[Dataset content Boundary: Start]

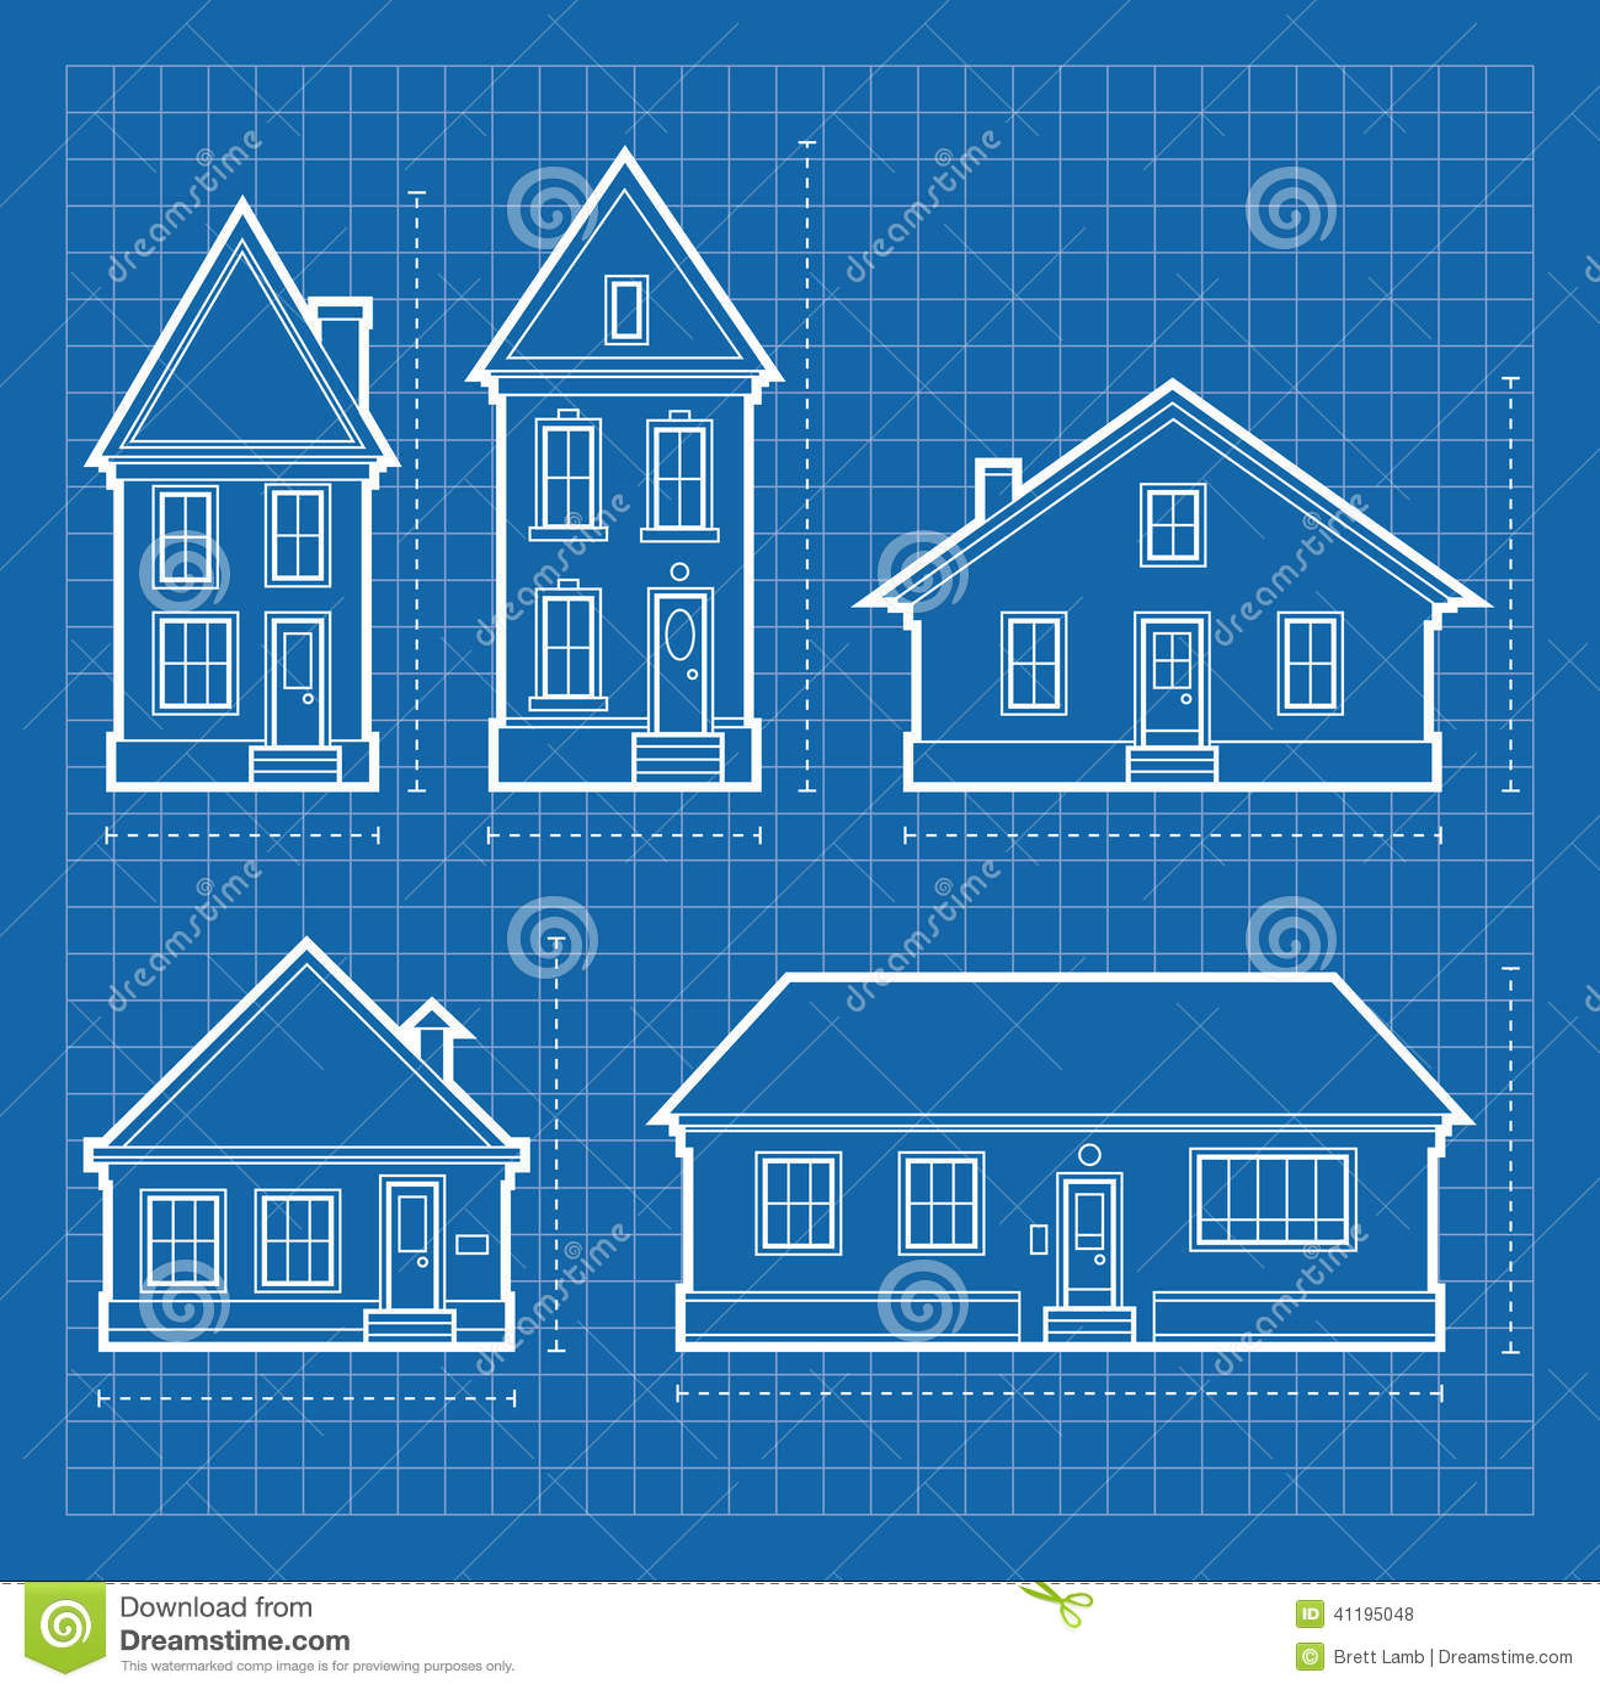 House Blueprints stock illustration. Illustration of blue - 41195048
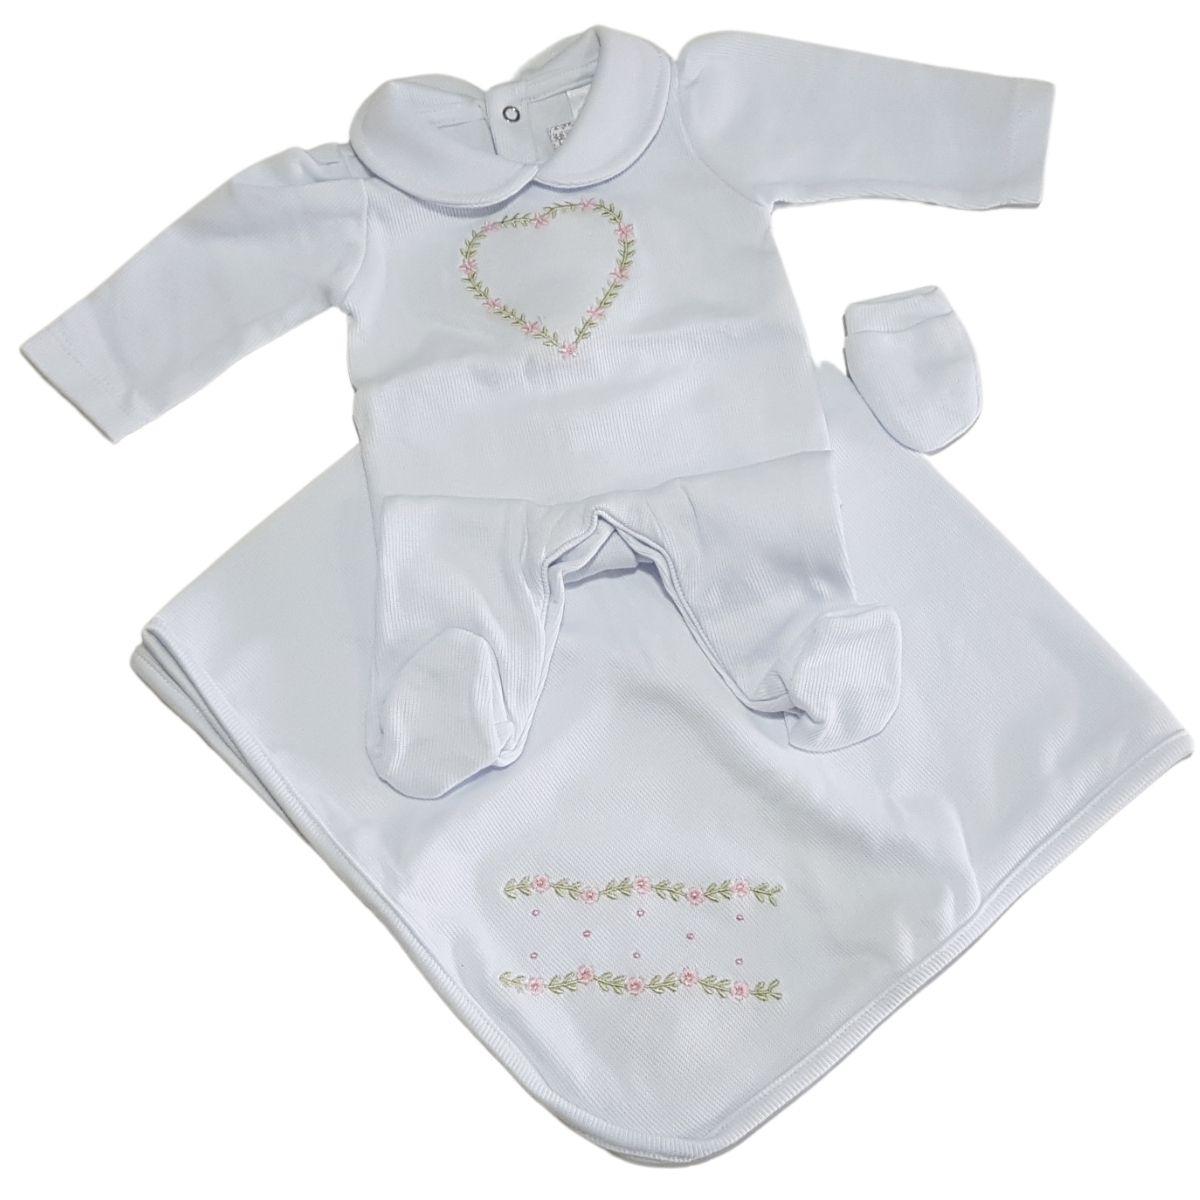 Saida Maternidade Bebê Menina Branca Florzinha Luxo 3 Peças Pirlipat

[Dataset content Boundary: End]
[Dataset content Boundary: Start]

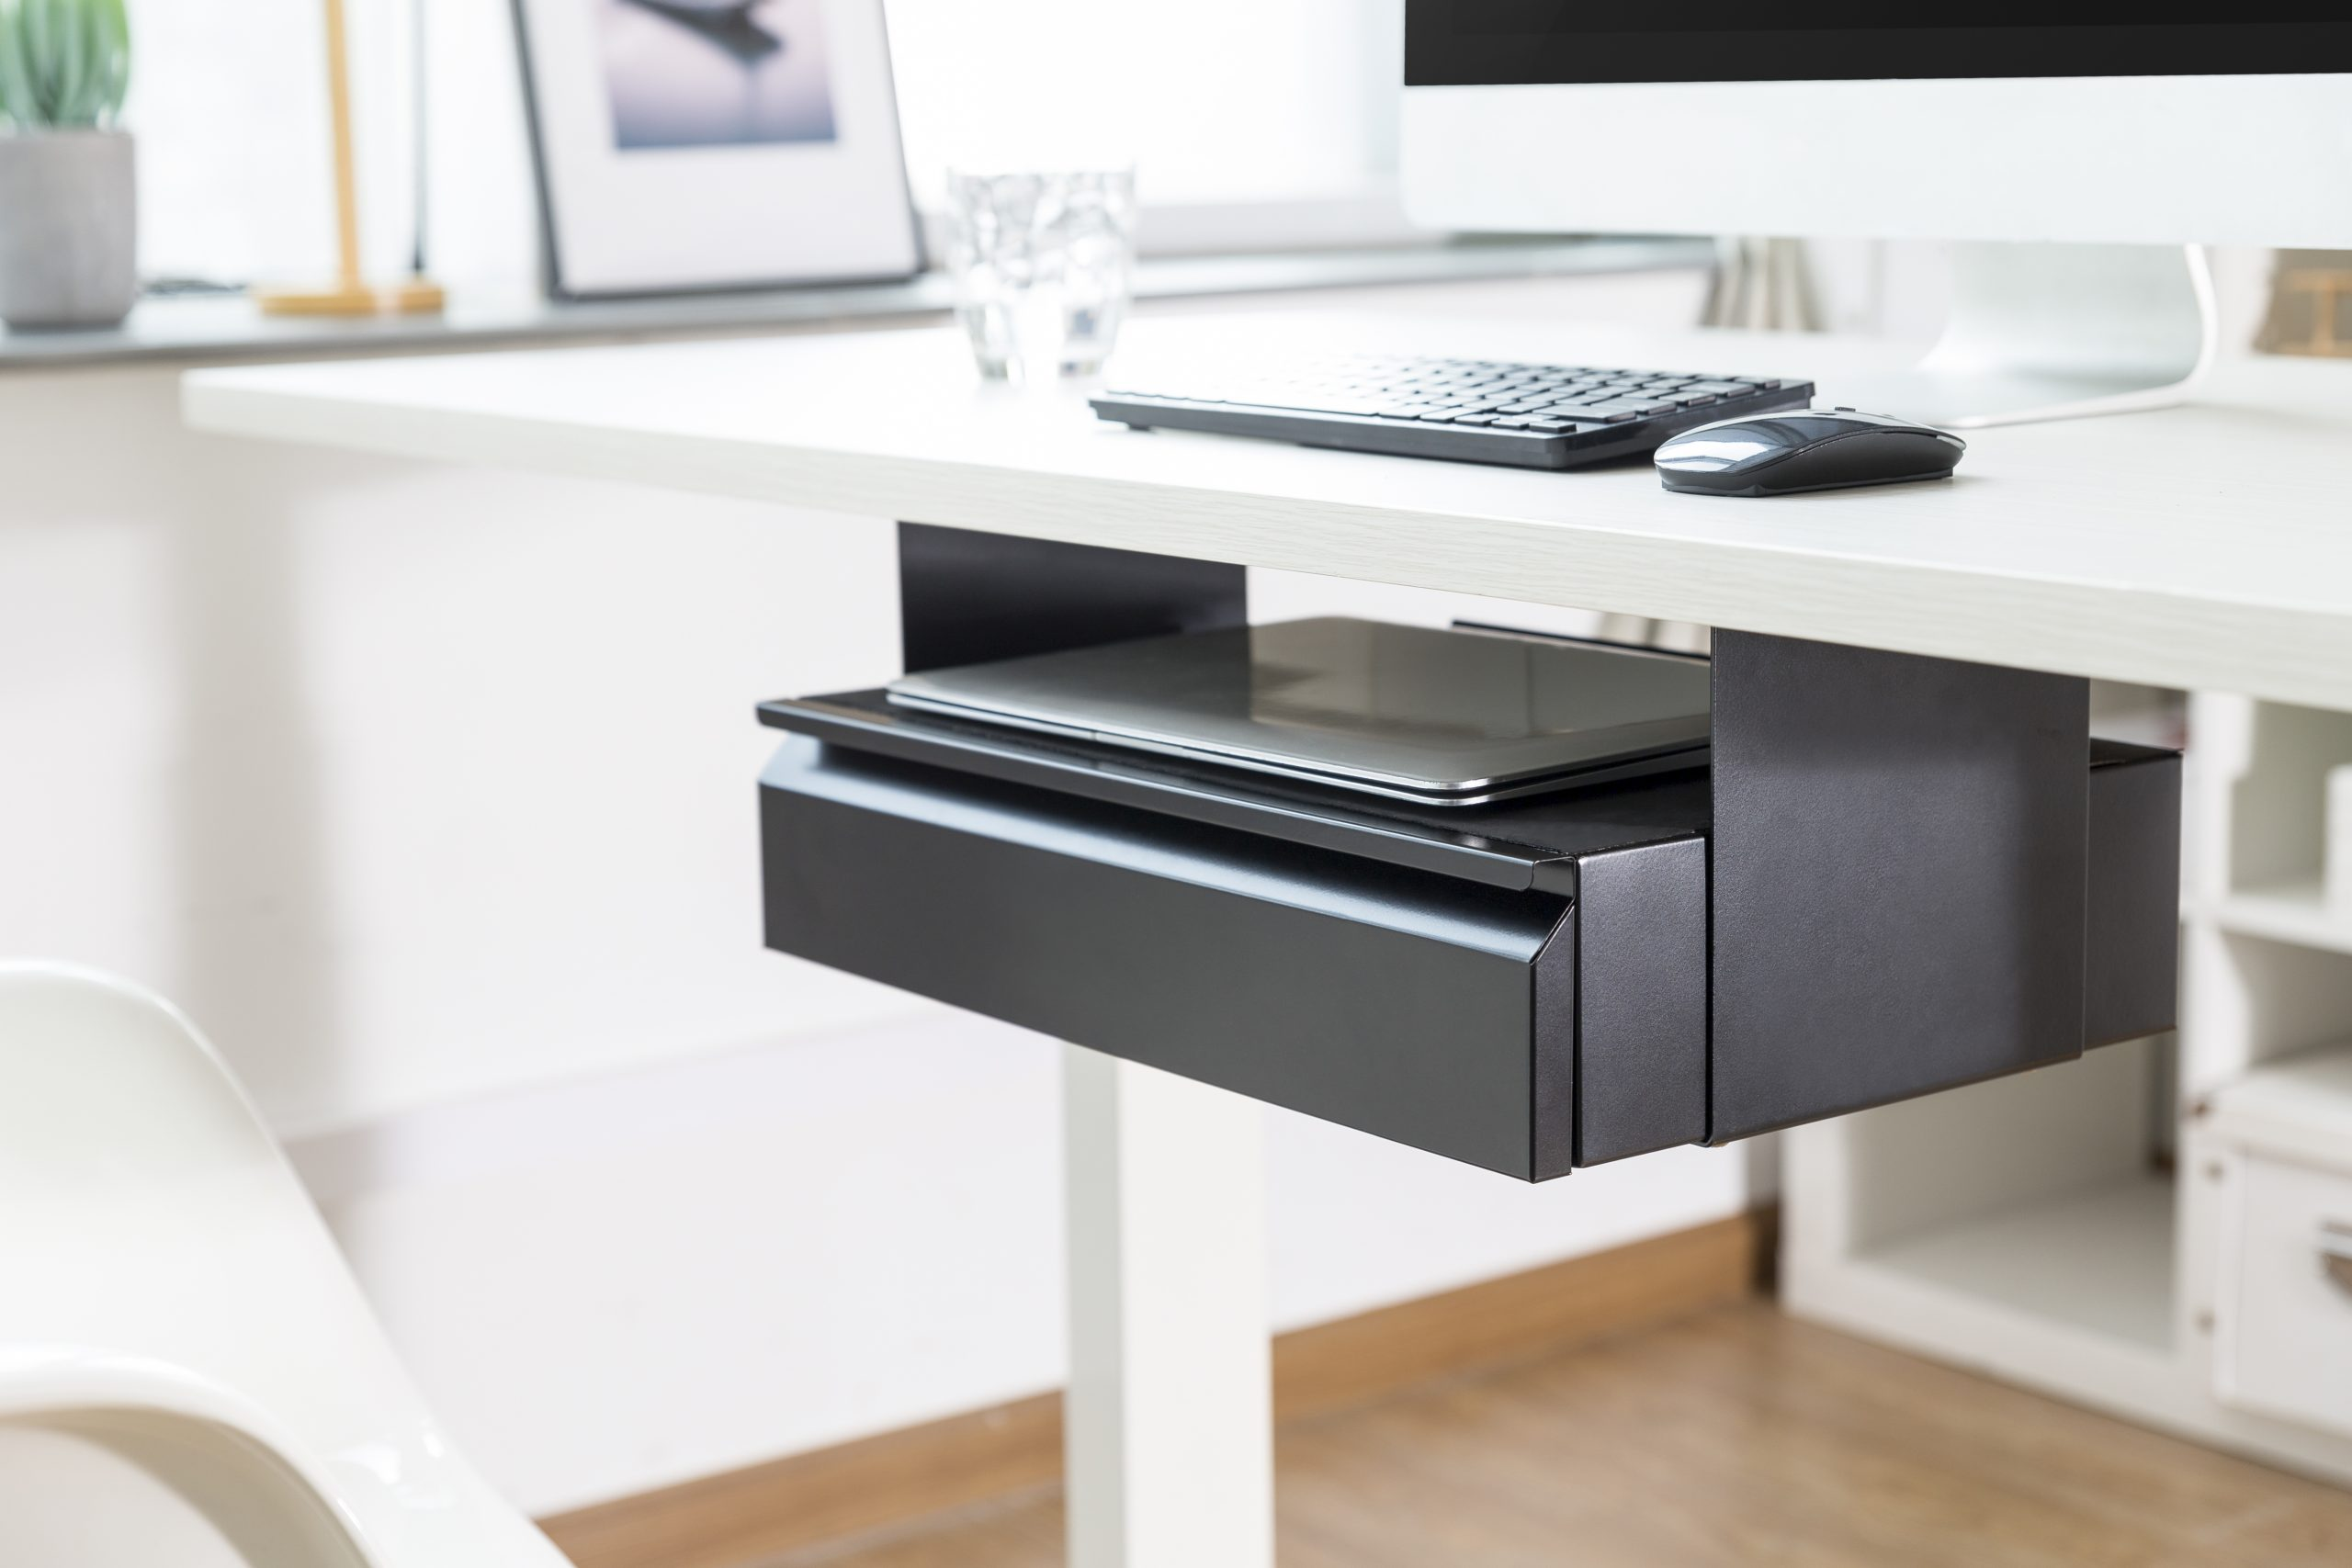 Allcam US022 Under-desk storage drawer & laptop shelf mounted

[Dataset content Boundary: End]

_Action item_
Given the entries above, transcribe exactly the lines from the one holding "House Blueprints stock" through the one holding "Saida Maternidade Bebê"; pictures do not belong in the transcription.

_Exercise answer_
 House Blueprints stock illustration. Illustration of blue - 41195048
 Saida Maternidade Bebê Menina Branca Florzinha Luxo 3 Peças Pirlipat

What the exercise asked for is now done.